> [Task]: Reproduce exactly the stretch of lines running from the line with "Piet Set of" to the end of the entries below.

> [Extracted data entries]:
■ ■ ■ ■
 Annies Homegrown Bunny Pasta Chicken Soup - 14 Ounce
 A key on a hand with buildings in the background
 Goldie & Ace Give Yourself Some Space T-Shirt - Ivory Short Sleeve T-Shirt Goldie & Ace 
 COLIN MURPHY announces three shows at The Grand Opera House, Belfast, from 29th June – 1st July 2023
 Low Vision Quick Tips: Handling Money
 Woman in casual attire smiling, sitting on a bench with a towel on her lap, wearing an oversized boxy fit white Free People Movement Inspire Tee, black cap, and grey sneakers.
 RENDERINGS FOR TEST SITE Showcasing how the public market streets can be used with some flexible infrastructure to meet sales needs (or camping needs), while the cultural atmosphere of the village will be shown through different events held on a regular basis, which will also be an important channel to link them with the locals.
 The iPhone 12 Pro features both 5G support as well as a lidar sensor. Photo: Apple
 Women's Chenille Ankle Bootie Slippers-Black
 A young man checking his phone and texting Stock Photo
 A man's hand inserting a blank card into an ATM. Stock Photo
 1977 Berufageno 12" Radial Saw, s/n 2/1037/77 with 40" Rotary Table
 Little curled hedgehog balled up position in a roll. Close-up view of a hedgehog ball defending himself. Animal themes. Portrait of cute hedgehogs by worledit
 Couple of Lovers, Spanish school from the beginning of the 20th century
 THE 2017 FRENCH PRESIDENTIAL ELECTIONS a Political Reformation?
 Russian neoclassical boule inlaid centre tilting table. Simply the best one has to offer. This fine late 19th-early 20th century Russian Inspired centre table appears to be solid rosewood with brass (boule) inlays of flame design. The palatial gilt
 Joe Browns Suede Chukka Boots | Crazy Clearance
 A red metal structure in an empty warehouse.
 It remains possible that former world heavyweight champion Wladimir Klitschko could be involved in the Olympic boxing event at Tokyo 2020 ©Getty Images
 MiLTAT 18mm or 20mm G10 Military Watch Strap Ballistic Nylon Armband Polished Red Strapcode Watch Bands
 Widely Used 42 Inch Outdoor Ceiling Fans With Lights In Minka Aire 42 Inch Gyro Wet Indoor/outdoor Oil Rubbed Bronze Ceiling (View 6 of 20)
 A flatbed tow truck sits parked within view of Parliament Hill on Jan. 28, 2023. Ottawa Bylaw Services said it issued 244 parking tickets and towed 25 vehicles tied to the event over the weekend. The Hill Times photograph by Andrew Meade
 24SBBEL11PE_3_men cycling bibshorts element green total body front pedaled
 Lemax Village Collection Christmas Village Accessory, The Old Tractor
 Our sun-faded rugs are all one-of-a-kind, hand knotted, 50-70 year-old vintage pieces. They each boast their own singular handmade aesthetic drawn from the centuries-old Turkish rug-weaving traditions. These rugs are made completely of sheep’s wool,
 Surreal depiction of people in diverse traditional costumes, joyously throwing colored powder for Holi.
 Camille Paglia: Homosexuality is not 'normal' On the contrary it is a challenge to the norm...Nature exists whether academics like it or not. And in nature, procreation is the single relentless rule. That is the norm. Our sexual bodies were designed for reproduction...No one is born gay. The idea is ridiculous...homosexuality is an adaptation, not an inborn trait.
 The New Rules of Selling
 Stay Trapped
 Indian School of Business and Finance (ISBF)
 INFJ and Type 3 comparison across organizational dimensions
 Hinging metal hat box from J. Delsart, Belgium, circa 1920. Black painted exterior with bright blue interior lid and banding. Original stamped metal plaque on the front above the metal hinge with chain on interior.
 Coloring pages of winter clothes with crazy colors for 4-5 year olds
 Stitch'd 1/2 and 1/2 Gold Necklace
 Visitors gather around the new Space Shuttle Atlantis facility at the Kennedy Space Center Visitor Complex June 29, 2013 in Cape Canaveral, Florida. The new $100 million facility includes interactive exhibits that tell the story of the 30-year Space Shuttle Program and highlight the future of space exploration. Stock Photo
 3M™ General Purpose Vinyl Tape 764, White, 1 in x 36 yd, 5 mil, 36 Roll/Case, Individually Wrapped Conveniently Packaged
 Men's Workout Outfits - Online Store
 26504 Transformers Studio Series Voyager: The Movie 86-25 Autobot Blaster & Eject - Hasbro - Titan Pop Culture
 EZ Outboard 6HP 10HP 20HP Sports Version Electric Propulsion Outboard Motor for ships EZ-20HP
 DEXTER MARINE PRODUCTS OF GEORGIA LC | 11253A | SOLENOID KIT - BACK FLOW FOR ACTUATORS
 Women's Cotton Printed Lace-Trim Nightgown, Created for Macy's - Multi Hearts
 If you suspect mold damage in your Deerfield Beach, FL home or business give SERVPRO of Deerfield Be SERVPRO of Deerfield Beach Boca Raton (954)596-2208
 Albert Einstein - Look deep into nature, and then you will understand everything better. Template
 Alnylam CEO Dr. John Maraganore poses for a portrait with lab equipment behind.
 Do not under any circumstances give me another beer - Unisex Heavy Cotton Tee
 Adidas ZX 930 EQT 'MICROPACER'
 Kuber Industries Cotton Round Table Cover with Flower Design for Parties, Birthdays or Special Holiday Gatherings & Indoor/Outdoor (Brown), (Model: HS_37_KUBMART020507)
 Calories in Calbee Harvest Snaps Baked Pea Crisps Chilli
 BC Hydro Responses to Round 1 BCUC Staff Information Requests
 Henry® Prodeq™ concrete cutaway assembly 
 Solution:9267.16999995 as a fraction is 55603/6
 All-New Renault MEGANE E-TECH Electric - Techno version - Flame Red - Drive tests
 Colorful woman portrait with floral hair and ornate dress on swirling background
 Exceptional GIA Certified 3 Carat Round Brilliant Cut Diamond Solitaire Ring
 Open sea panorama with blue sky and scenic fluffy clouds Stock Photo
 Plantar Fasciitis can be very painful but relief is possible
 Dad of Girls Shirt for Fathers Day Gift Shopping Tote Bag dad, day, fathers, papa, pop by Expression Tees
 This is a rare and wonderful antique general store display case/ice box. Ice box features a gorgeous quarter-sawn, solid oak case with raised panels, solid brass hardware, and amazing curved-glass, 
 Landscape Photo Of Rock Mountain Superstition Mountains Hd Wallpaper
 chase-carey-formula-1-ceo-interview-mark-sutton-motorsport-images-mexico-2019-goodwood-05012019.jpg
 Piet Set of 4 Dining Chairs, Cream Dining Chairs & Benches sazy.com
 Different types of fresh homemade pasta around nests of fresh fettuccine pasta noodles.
■ ■ ■ ■
> [Solution to this exercise]:
 Piet Set of 4 Dining Chairs, Cream Dining Chairs & Benches sazy.com
 Different types of fresh homemade pasta around nests of fresh fettuccine pasta noodles.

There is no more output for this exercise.